En cas de vol, c’est l’employeur qui sera présumé responsable de la disparition de l’ordinateur. Il sera tenu d’indemniser le salarié. Il pourra atténuer sa responsabilité en prouvant la faute du salarié.

L’entreprise devra s’aviser de vérifier que sa police d’assurance couvre tous ces types de dommages et de responsabilités.

Des règles claires à fixer

Il existe manifestement un intérêt réciproque, entre le salarié ou l’entreprise, de fixer la règle du jeu de l’usage professionnel d’un bien privé. En l’absence actuelle de tout texte ou jurisprudence sur ces questions, il est préférable d’anticiper les risques. Le contrat de travail pourra fixer les règles en la matière. Beaucoup d’entreprises disposent également d’une « charte » d’utilisation des moyens informatiques. Celles qui n’en ont pas encore ont un intérêt pressant à en adopter une.

Ces chartes sont des adjonctions au règlement intérieur de l’entreprise. Même si des juridictions ont accordé une certaine valeur juridique à ces « chartes », il est préférable de s’assurer de l’efficacité des interdictions et des sanctions qui y seraient édictées en les soumettant au régime juridique du règlement intérieur. La charte sera donc adoptée après concertation des institutions représentatives du personnel, communication à l’inspection du travail et dépôt au conseil des prud’hommes.

Les ordinateurs personnels utilisés par les salariés dans le cadre de leur activité professionnelle, sur le lieu de travail, connectés au réseau et aux ressources de l’entreprise doivent être inclus dans le périmètre de cette charte.

La charte devra notamment veiller à fixer les règles relatives à l’accès par l’employeur aux données présentes sur l’ordinateur du salarié.

En une décennie, la jurisprudence de la Cour de cassation s’est formée concernant l’accès par l’employeur aux données, mail ou documents, qui sont stockés sur le poste d’un salarié. Il est aujourd’hui admis par les tribunaux que les données présentes sur les postes de travail mis à disposition des salariés par l’employeur sont présumées être des données professionnelles. Il en résulte que l’employeur peut librement en prendre connaissance, les conserver, les recopier, etc, sauf si ces données sont clairement identifiées comme personnelles.
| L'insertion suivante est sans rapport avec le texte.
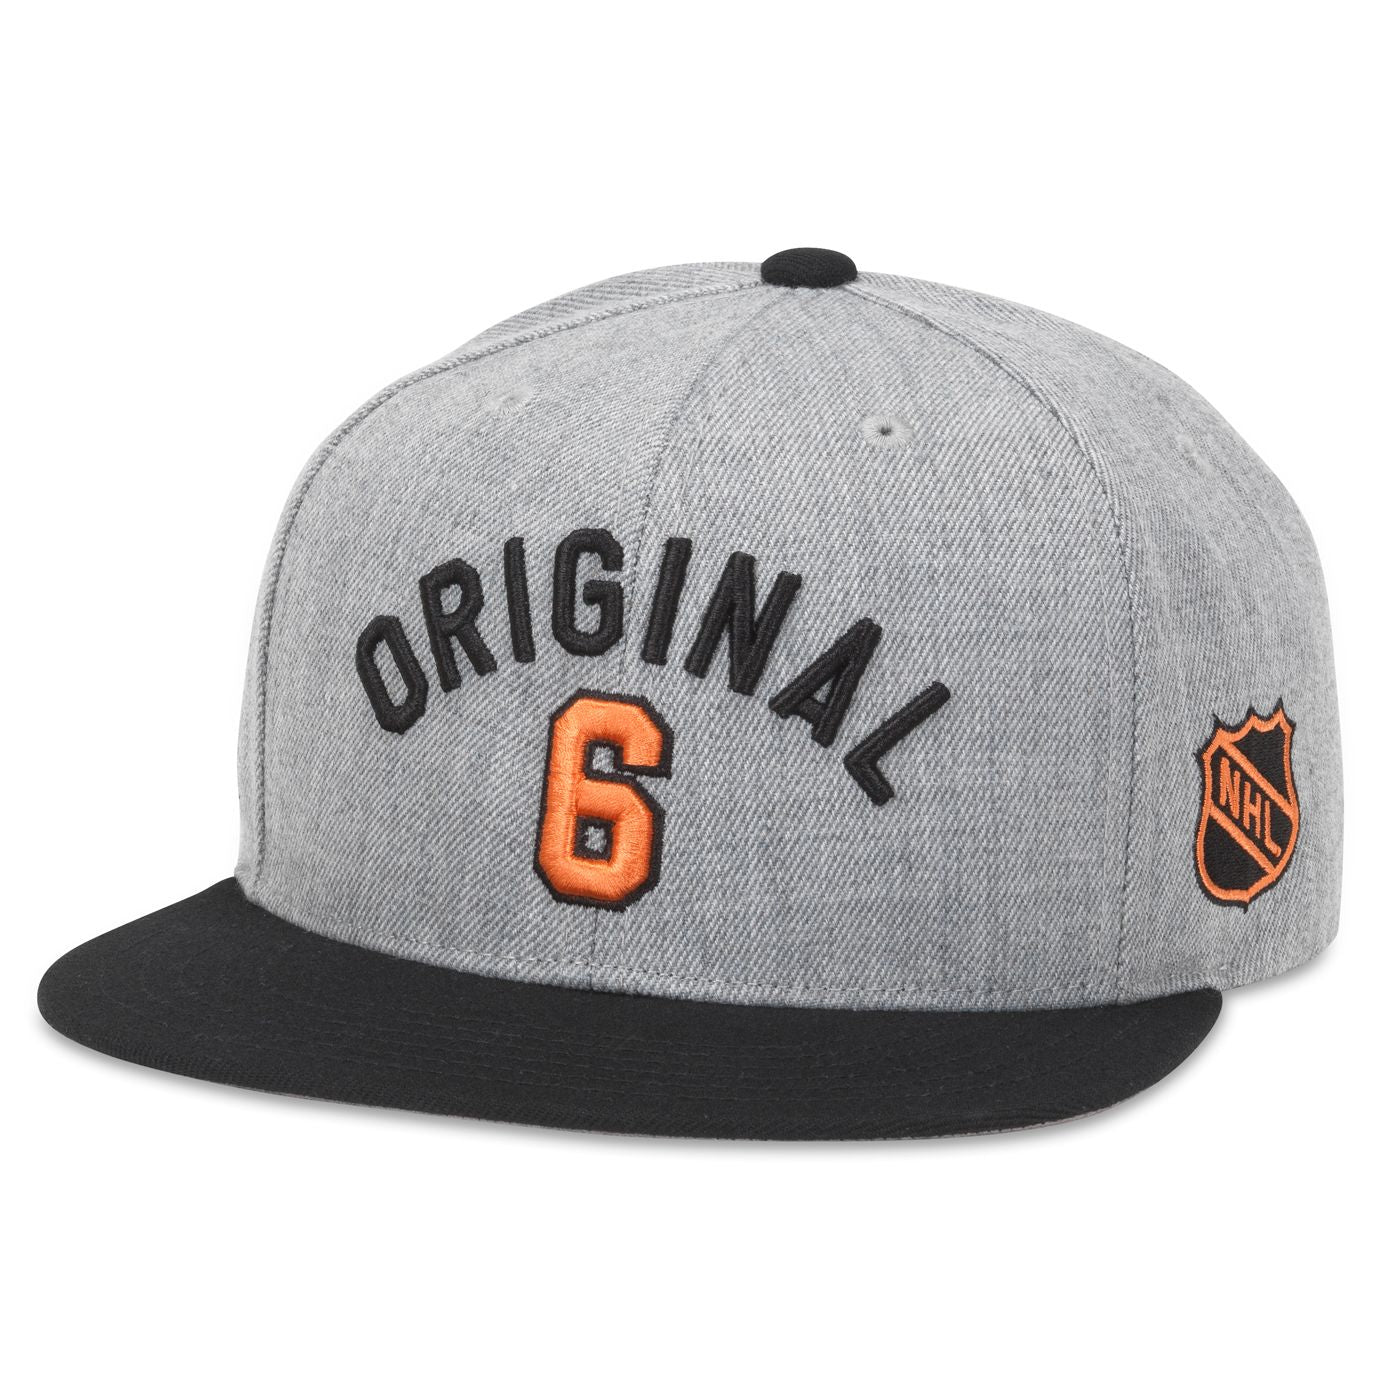 NHL ORIGINAL 6 Hat
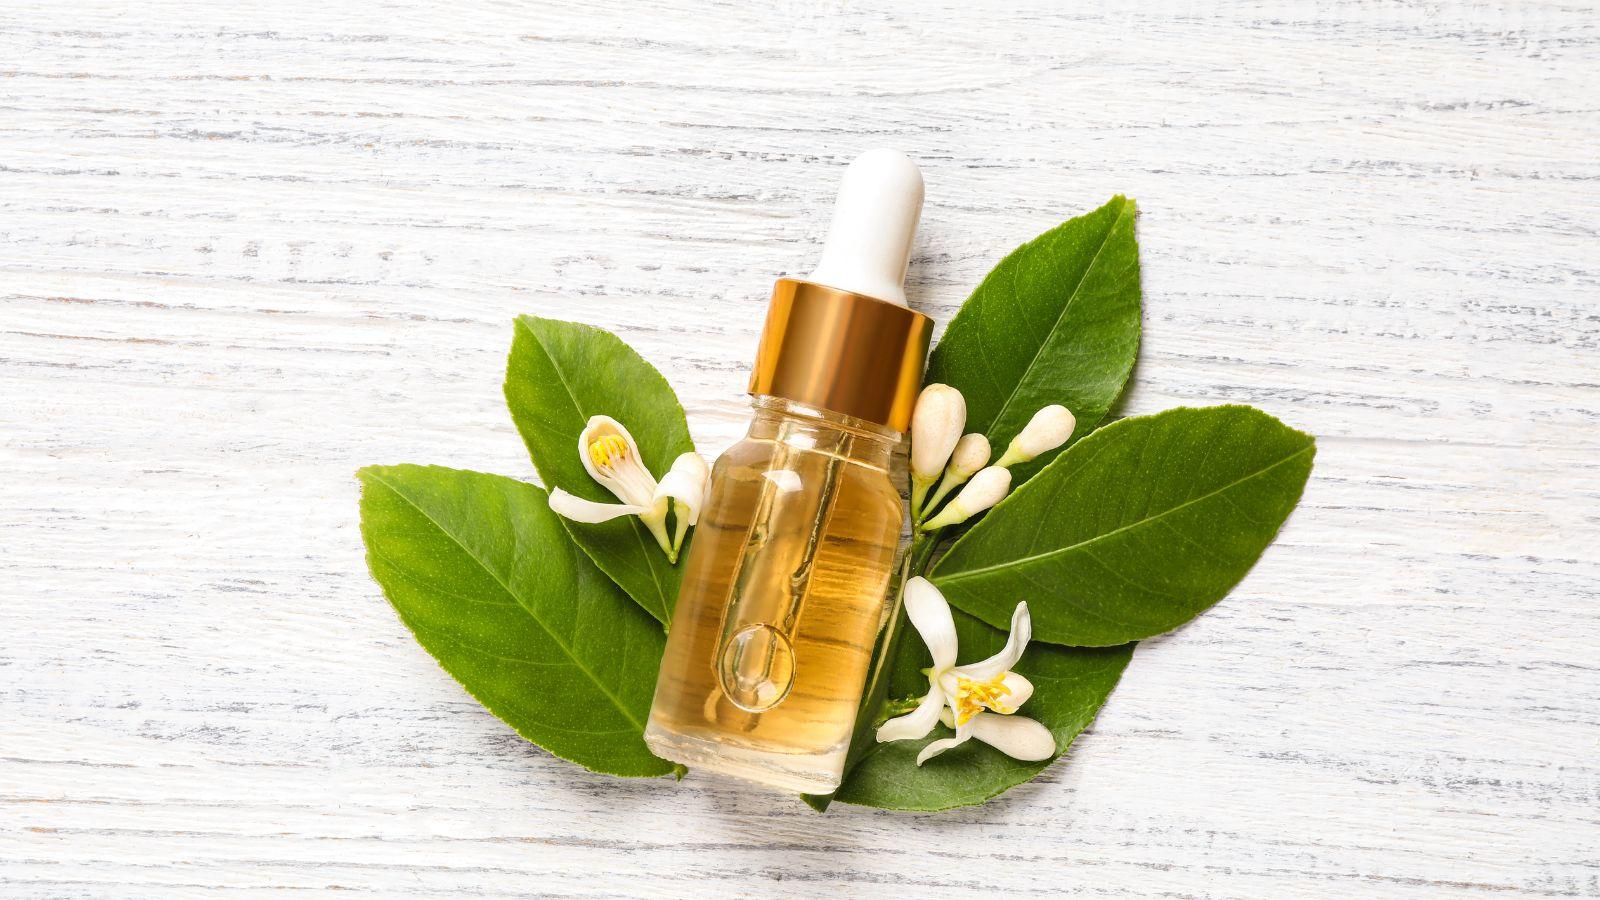 essential oils to aid sleep neroli. Image of a bottle of neroli essential oil on a neroli flower and leaf

Et même dans ce dernier cas, en cas de circonstances exceptionnelles, l’employeur peut obtenir un accès aux courriers électroniques et documents identifiés comme personnel par le salarié.

Cette jurisprudence, établie pas à pas au cours de la dernière décennie, devra nécessairement être revisitée à l’aune du « bring your own device ». En effet, s’il est aujourd’hui acquis que l’employeur à un accès « de plein droit » aux données présentes sur les postes de travail de ses salariés, qu’en sera-t-il lorsque ces ordinateurs seront la propriété des salariés ? Doit-on s’attendre à un renversement de la présomption : les données de l’ordinateur personnel du salarié seront-elles considérées par les juges comme présumées personnelles ? Dans ces circonstances, comment l’employeur aura-t-il accès aux données professionnelles, notamment lorsque le salarié est absent ou quitte l’entreprise ? Il y a là un champ d’incertitude que la charte informatique doit absolument combler. Des procédures techniques de recopie ou d’effacement automatique des informations de l’entreprise, lorsque le poste informatique du salarié est connecté au réseau ou lorsqu’il quitte l’entreprise, sont à étudier.